Еще одно предварительное замечание. Вскоре после убийства С. Петлюры, когда шло следствие, «украинская сторона» всячески старалась убедить «еврейскую сторону» в нежелательности для евреев же объяснять выстрелы Шварцбарда его стремлением отомстить за пролитую еврейскую кровь. «Отмежуйтесь от Шварцбарда! Согласитесь, что он агент ГПУ или умалишенный, – и дело с концом! В любом случае не нужно заострять еврейский вопрос: это может привести к новой вспышке антисемитизма!» – таковы были аргументы умеренного крыла украинской партии, к которому принадлежал Александр Шульгин – министр иностранных дел правительства УНР в эмиграции.
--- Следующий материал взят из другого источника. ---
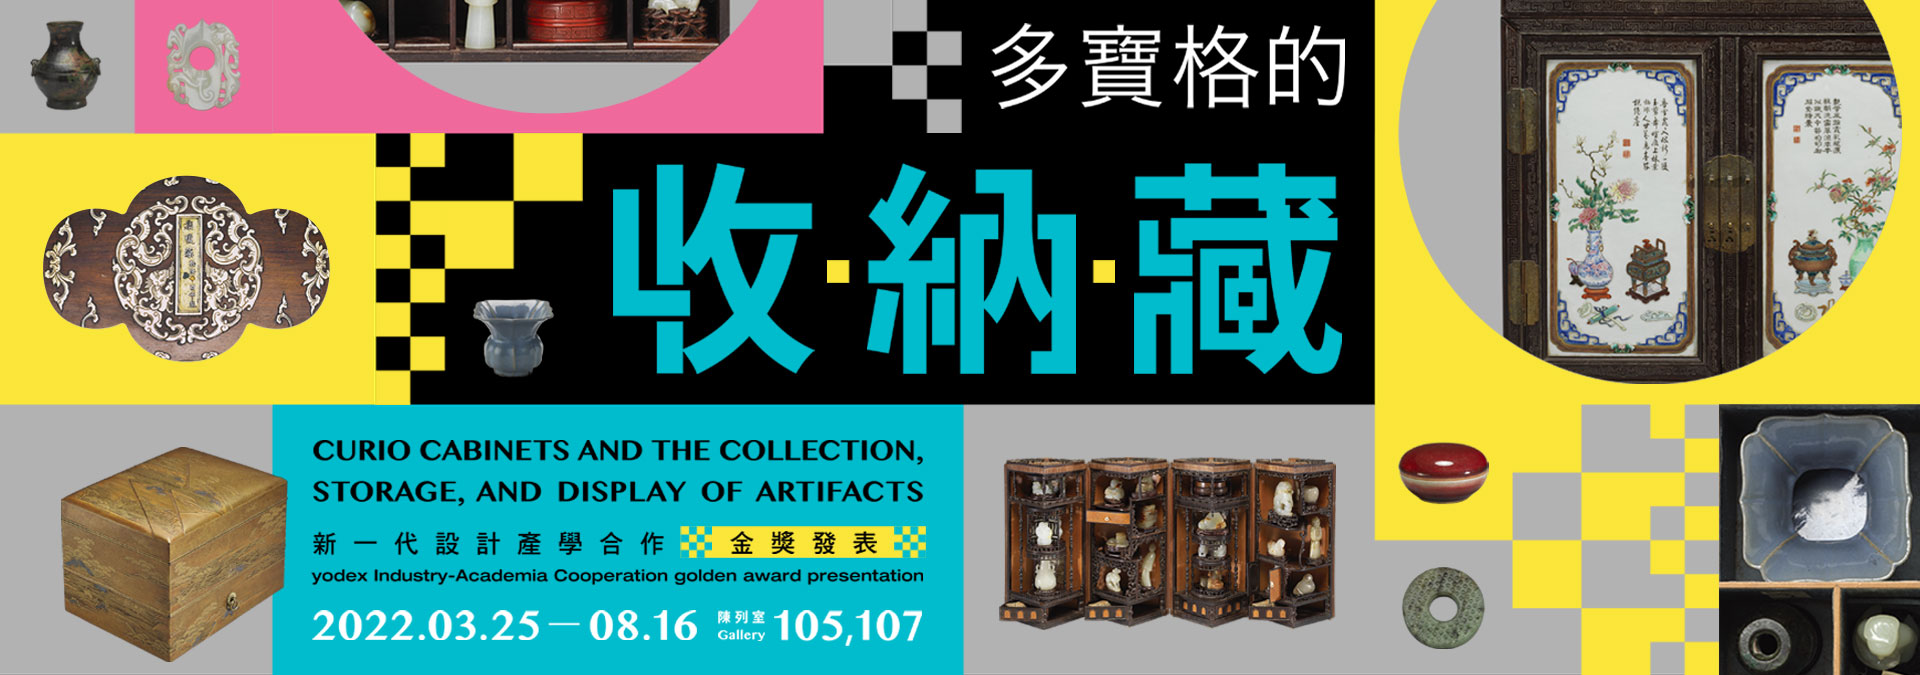 Curio Cabinets and the Collection, Storage, and Display of Artifacts

Вот что он писал своему недавнему коллеге Арнольду Марголину: «Поймите, украинская интеллигенция делает все возможное, чтобы прекратить антисемитскую пропаганду в связи с убийством. Но сейчас не черносотенцы, не антисемиты, а сами евреи говорят: «Мы убили погромщика Петлюру». Это страшная ошибка части евреев и, если они не изменят решительно своей позиции, могут быть, я опасаюсь, самые печальные последствия. Хорошо еще если обойдется «антисемитскими чувствами». Возможно и гораздо худшее: могут начаться ужасные погромы! Опять прольется кровь невинных людей. Страшно даже подумать, что может произойти!» Если учесть, что оба корреспондента находились далеко за пределами советской Украины, то о каких погромах и где идет речь – во Франции, в США, Канаде, Украине? Вероятно, «иностранный министр» свято верил в магическую силу самой угрозы погромов и в безотказность такого «аргумента».

Итак, мысль ясна: во избежание новых погромов забудьте о погромах прежних. Обсуждать погромную тему в связи с убийством С. Петлюры, – а это неизбежно приведет к оглашению документов, заслушиванию свидетелей и жертв кровавых злодейств, демонстрации фотографий на глазах у всего мира и при несомненном внимании прессы, – защитникам «самостийности» Украины было крайне нежелательно, вне зависимости от степени вины С. Петлюры и исхода процесса. Куда спокойнее, если судить будут умалишенного или тайного агента ГПУ.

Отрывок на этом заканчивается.